Я расскажу тебе историю своих самоубийств, опишу их поверхность и глубину. И пусть мой рассказ будет высечен в чёрном мраморе твоей памяти или в белом мраморе бумажного листа.
Мы с тобой учились в одной гимназии и влюбились в одну и ту же девушку. Её звали Мирьям, помнишь? Я имею в виду реальную гимназию на Рудницкой улице. На песчаном, веснушчатом дворе гимназии росло единственное дерево. Вокруг него кружила карусель из теней, и мы с тобой — две лошадки — вслед за Мирьям. А солнце тогда было свободным, бесшабашным и по субботам тоже зажигало лучи.
Чёрт, не могу вспомнить, что за плоды наливались на дереве днём. Но помню, какие изысканные плоды росли на нём ночью: его ветви вздыхали под тяжестью таящихся в засаде влюблённых кошек с горящими зелёными глазами.
Иногда человеческая жизнь выглядит неестественно, зато всегда естественна любая так называемая смерть, в том числе и та, которую мы храбро принимаем по доброй воле.
Эту естественность я выбрал себе в помощники: чтобы живьём не попасть в алые рукавицы своего палача.
Вечерело. Дождь колол себя кривыми кинжалами, но из его широко раскрытого рта плескала только вода, только вода.

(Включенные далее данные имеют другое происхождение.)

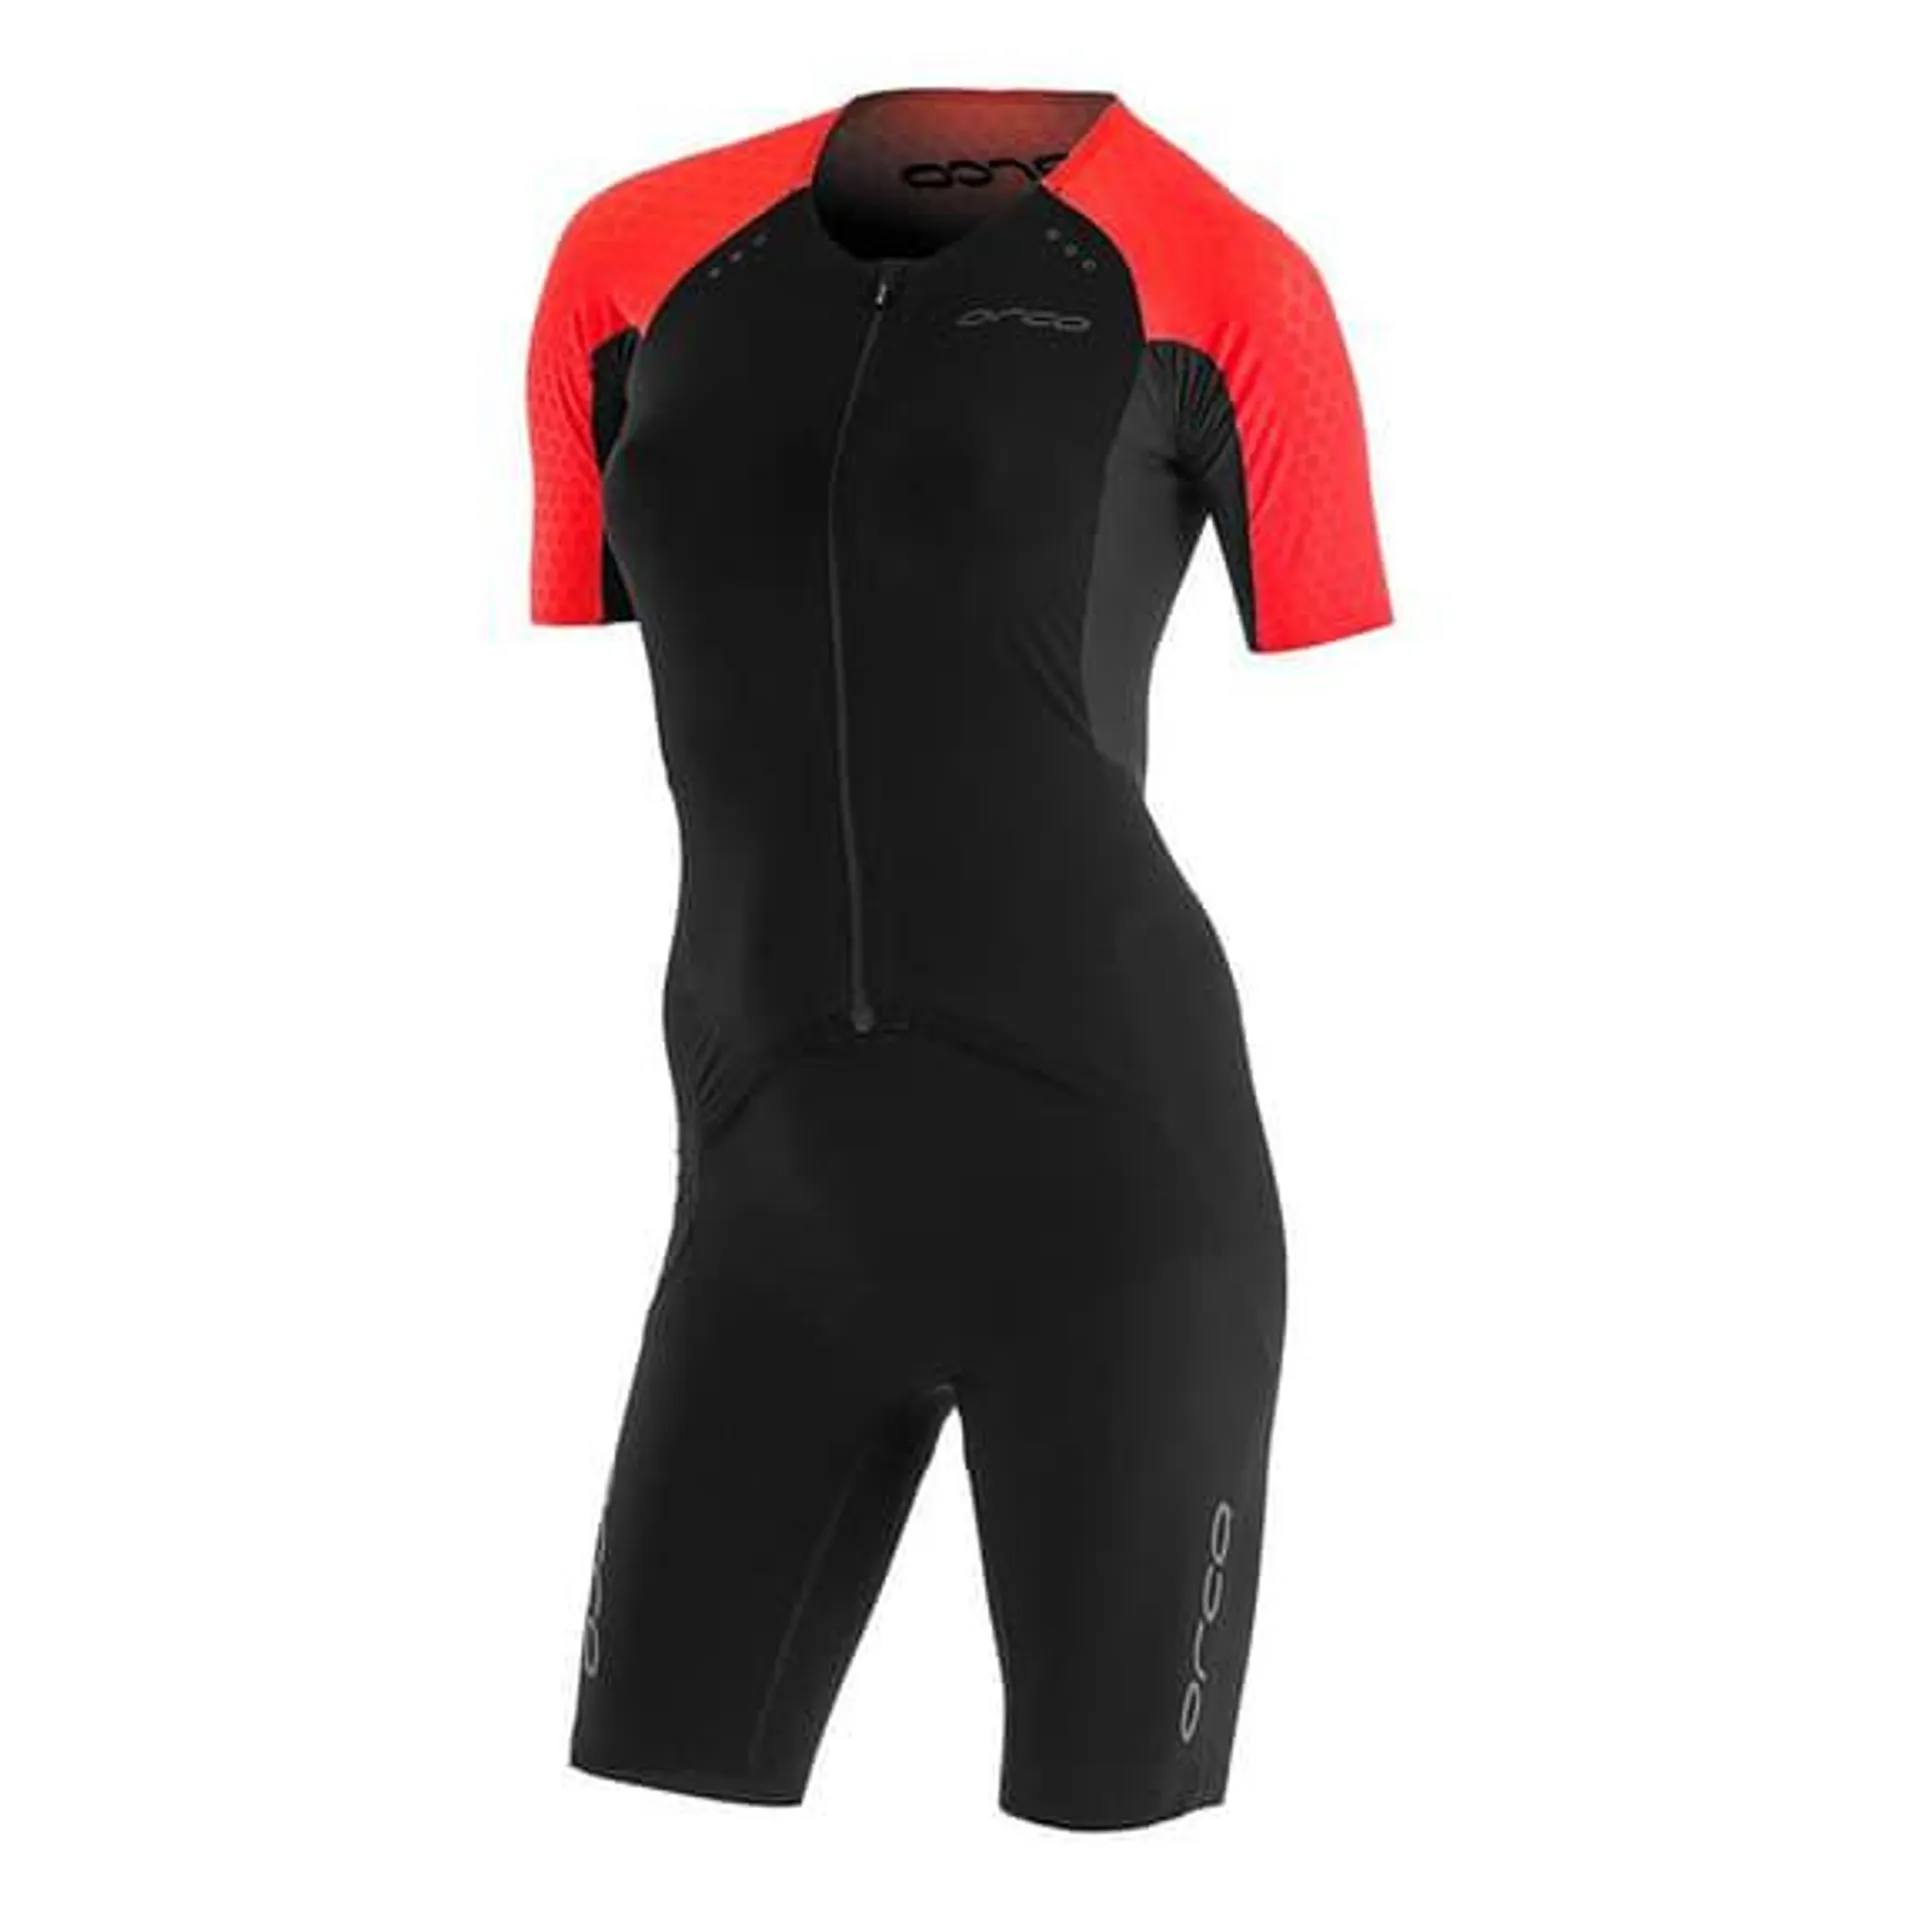 Combinaison de triathlon Orca RS1 Dream Kona manche courte noir rouge femme

Здание нашей реальной гимназии — окружено пулемётами. Мой палач бросил взгляд на ручные часы и начал молиться своей петле, чтобы ливень иссяк, воссиял светлый, голубой день и небо стало прозрачным до самого дна. Пусть готовая петля найдёт меня во всех скрытых измерениях, даже там, где нет и следа моего дыхания, и ловко обовьёт мою шею, как шёлковый галстук.

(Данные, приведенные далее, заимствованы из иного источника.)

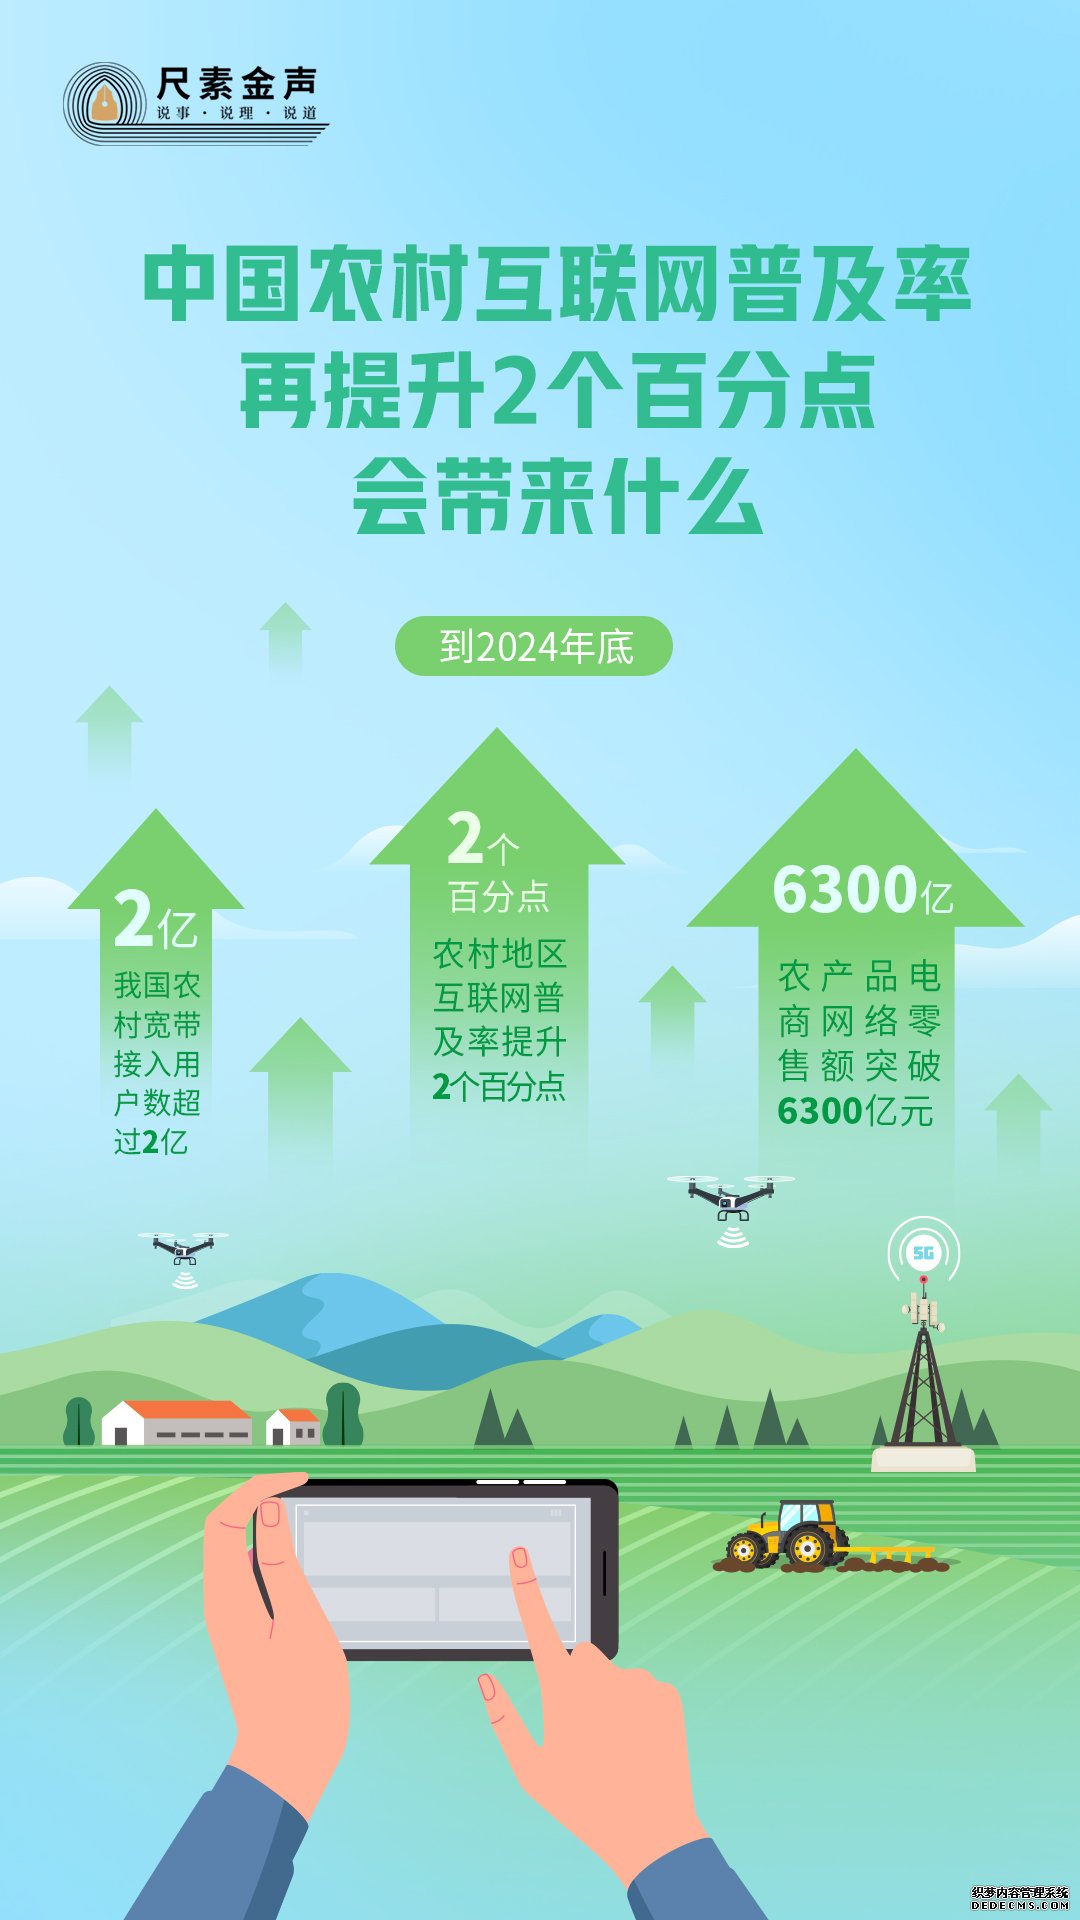 尺素金声｜中国农村互联网普及率再提升2个百分点，会带来什么

Даже если не умеешь держать слово, хоть раз всё равно придётся! И я дал себе слово, что завтрашний день не доживёт до того, чтобы найти меня живым.

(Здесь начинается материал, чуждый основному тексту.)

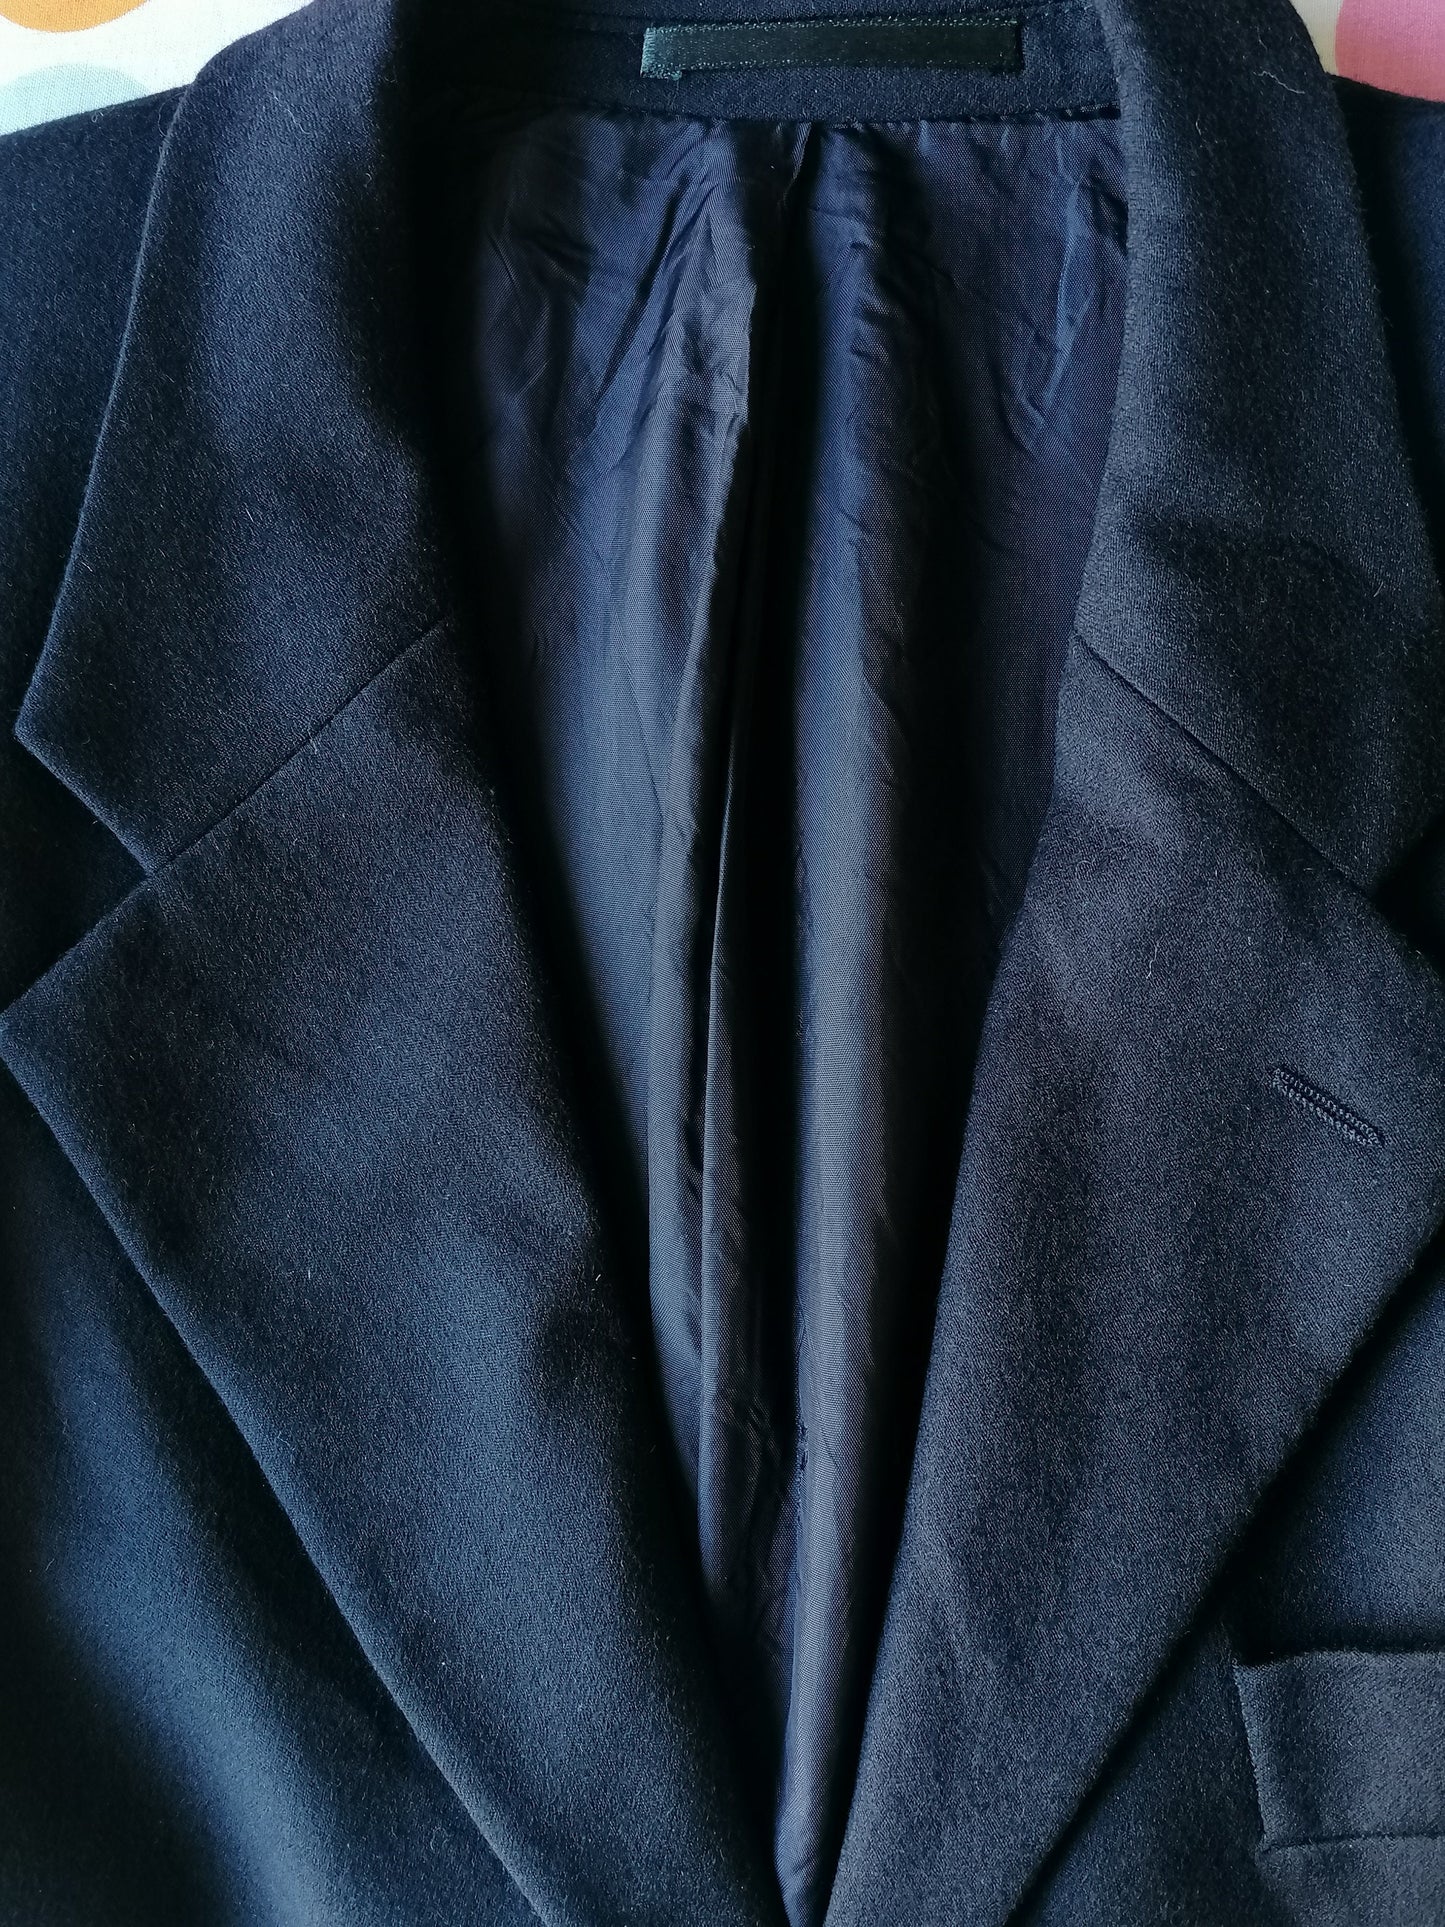 Giacca di lana vintage londrair. Blu scuro colorato. Dimensioni 50 / M.

«Не мешайте думать, — сказал я своим мыслям, — из-за вас я могу потерять корону своей помазанной на царство смерти!» Но они упрямо вздыбились во мне и ощерились, как волки. Разозлившись, я набросился на них с кулаками и погнал сквозь ливень, чтобы убежать от жизни. Вот так и добежал до уже полуразрушенного здания нашей бывшей гимназии.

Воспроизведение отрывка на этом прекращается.